August 06, 2008 By: Mai Truong Category: California - The Bay Area, savory snacks, Vietnamese

It’s always interesting to read reviews online. A good place always has some reviews that smash them down mercilessly as if all those reviewers were served was a piece of wood with splinters and a side of mud. One thing people should keep in mind when they go to Vietnamese restaurants: order the house specialties. It’s in their name. It’s something they started out with and have earned a living from. It’s what they know best. It’s the difference between an authentic Vietnamese restaurant and a mass-production Chinese buffet. Try something else on the menu only if the specialty satisfies you, and if you want to be adventurous, well, keep your complaints to yourself. Adventures rarely bring satisfaction.

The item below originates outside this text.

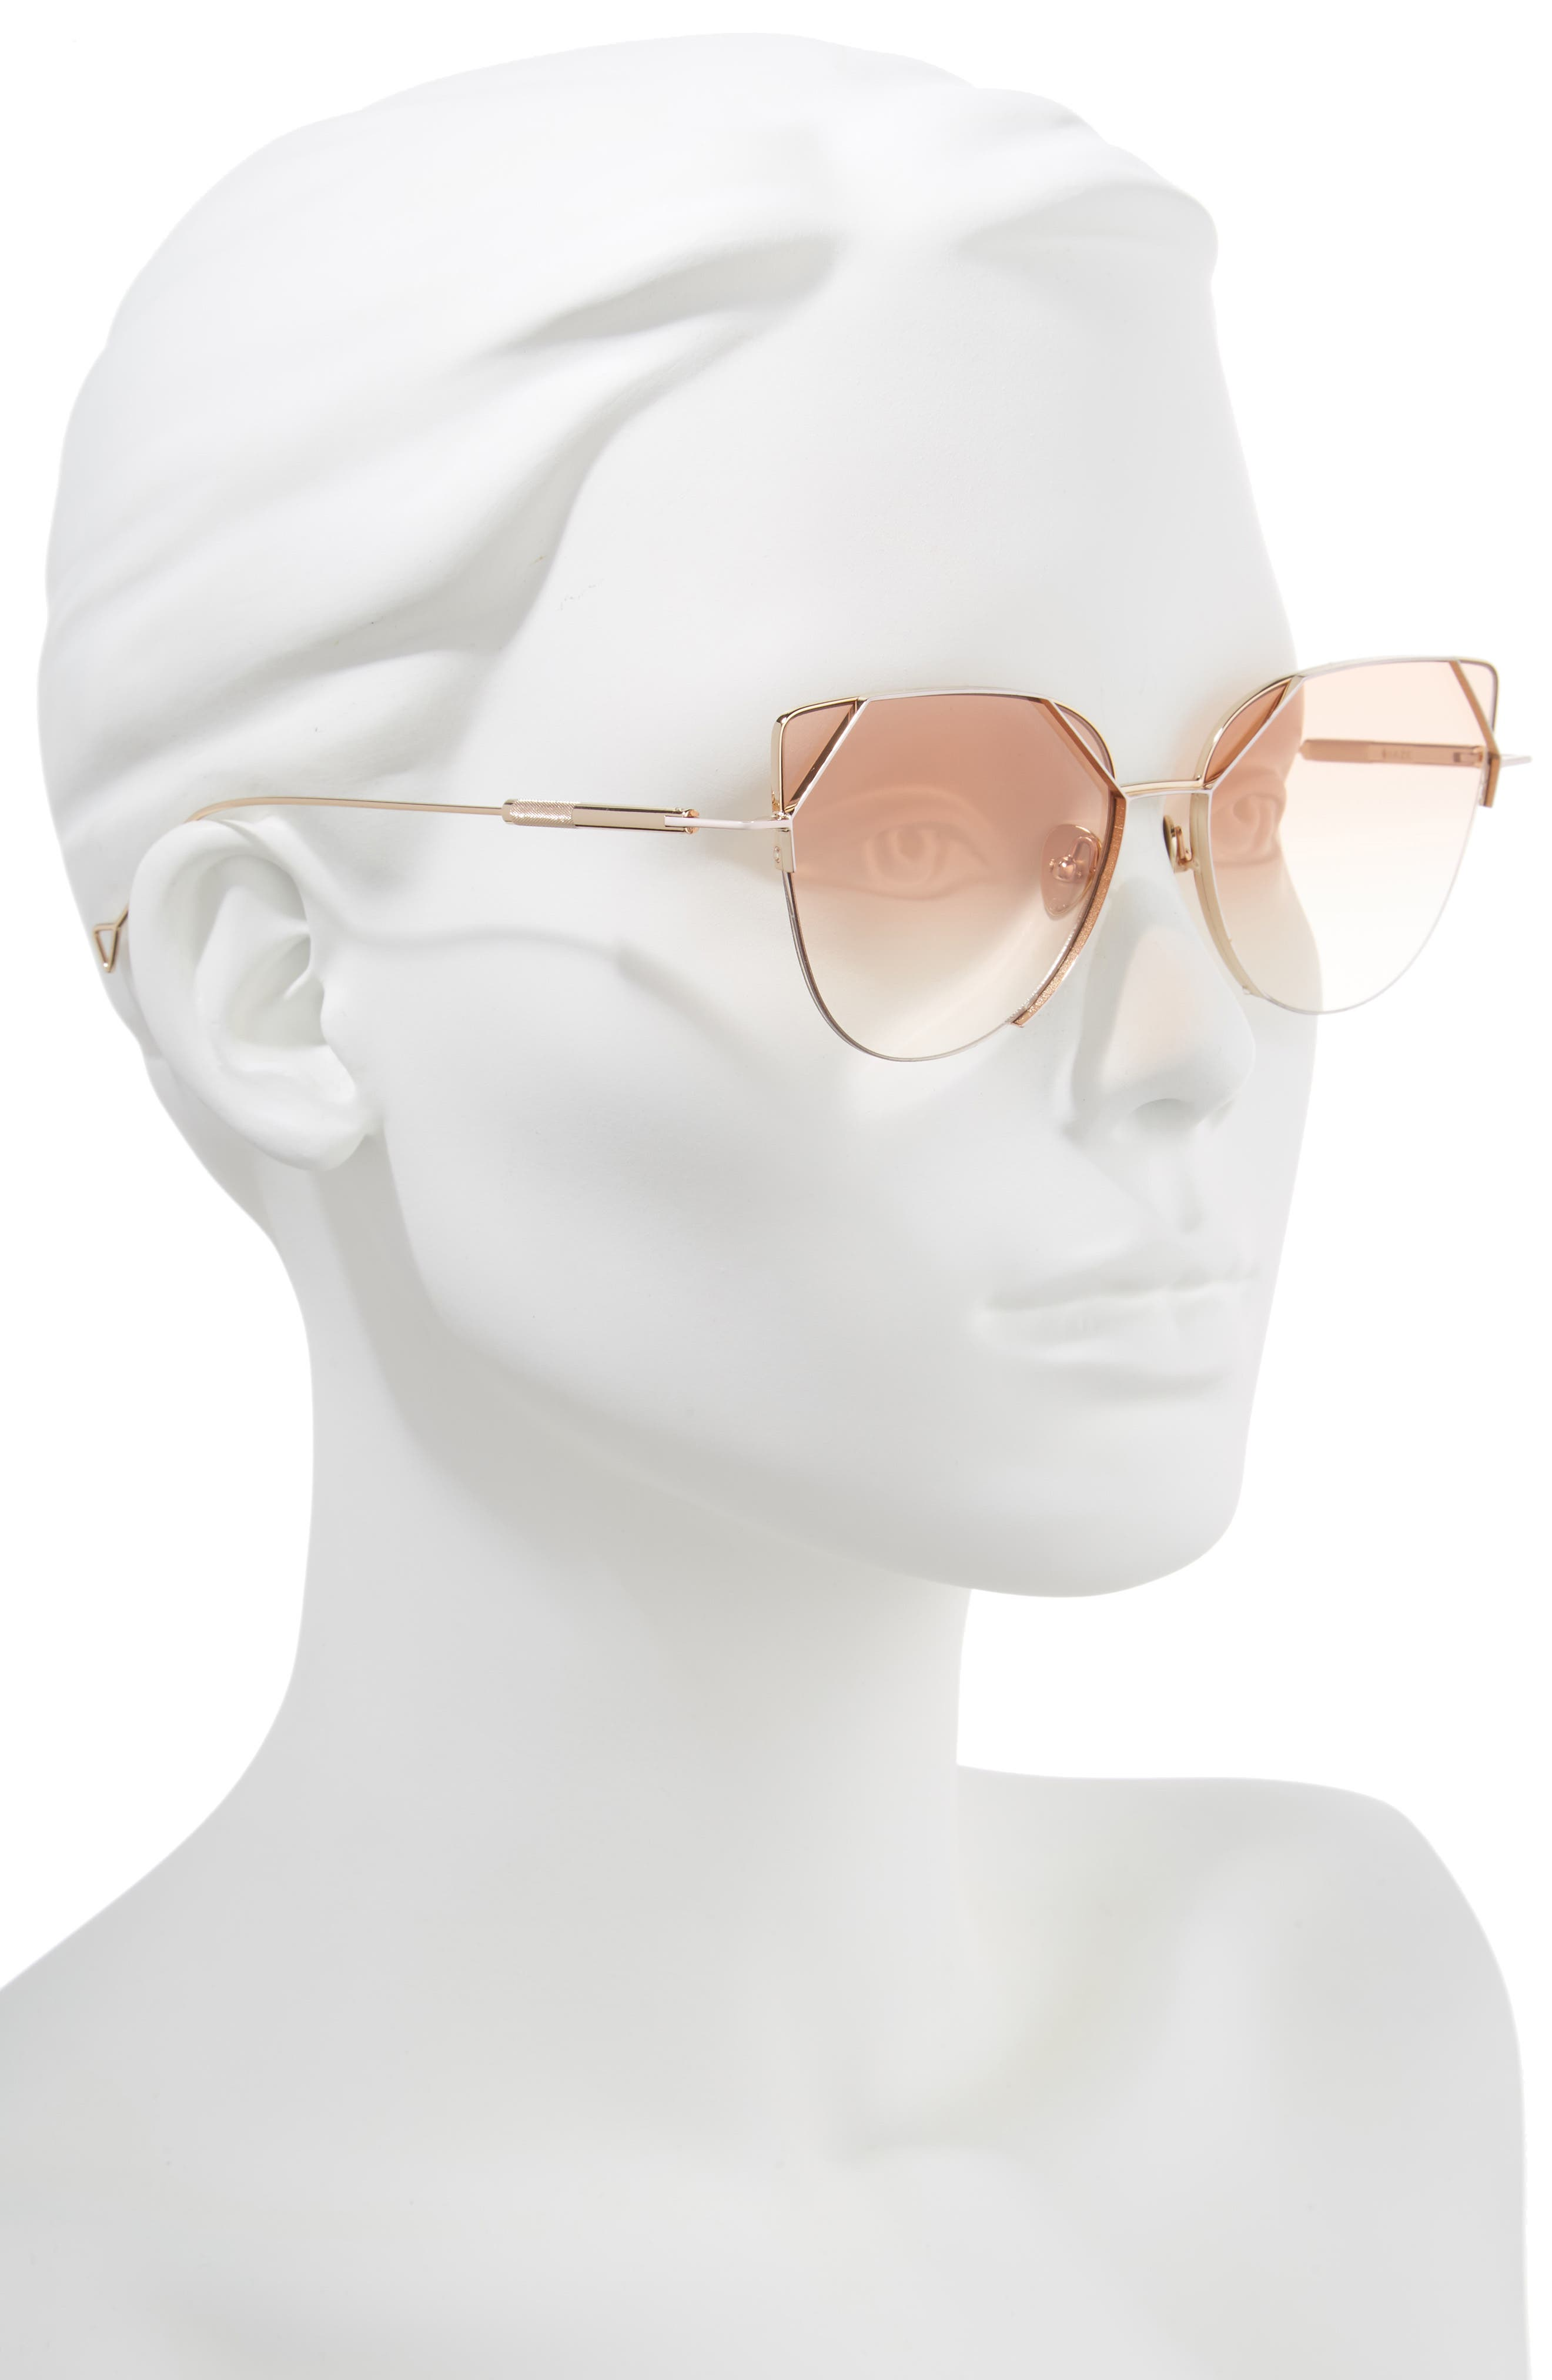 HAZE, The Schema 59mm Cat Eye Sunglasses, Alternate thumbnail 2, color, NUDE

If you ate at Banh Cuon Tay Ho in Bellaire, Houston before, Banh Cuon Tay Ho in San Jose will satisfy your craving, but will not give you the oomph and aaahhhh. Small tables under a small roof, equipped with the usual tray of bottles of rooster chili sauce, soy sauce, some other kind of chili sauce I’m not sure if my tongue would allow me to try, and a huge bottle/vase of nuoc mam mixed with sugar, lime juice, water, and a moderate amount of chili pepper. Pictured above is the house specialty: banh cuon nhan thit (rice rolls stuffed with ground pork and minced wood ear mushroom), served on flowery melamine plate, with bean sprout and sliced cucumber for the bedding, one piece of unknown tempura, and 5 thin slices of cha lua. (Now if you had it in Bellaire, you’d have gotten 3 pieces of shrimp tempura.) Nonetheless it is good.

Also ordered is a serving of banh cuon thit nuong (banh cuon with barbecued pork stuffing). No bean sprout visible on the plate, no cucumber, lots of cilantro and fried shallots atop.

Embarrassingly I must admit I did toss a chunk of the banh cuon roll into the spoon of nuoc mam then into my mouth before I remembered to take a picture. It was very good. Bean sprouts were inside the rolls, so no funky chopstick pickups required. The meat was well seasoned enough that you don’t really need a pool of nuoc mam to buff up the taste. I’ll remember to order it again when I go to Banh Cuon Tay Ho in Bellaire, for comparison.
The TV in the small corner was speaking in Vietnamese. The people around us were speaking in Vietnamese. The waiters were speaking to us half in Vietnamese and half in English. Minus the food carts and woven baskets of goodies on the streets, it’s just so Vietnamese in San Jose.
Lunch for two plus tip was $16.
One more thing, Vietnamese restaurants don’t like to have a website for themselves, and if they do, it doesn’t seem very well updated. Either that, or the Banh Cuon Tay Ho #18 in Bellaire isn’t part of the corporation. And what’s up with the Chinese characters?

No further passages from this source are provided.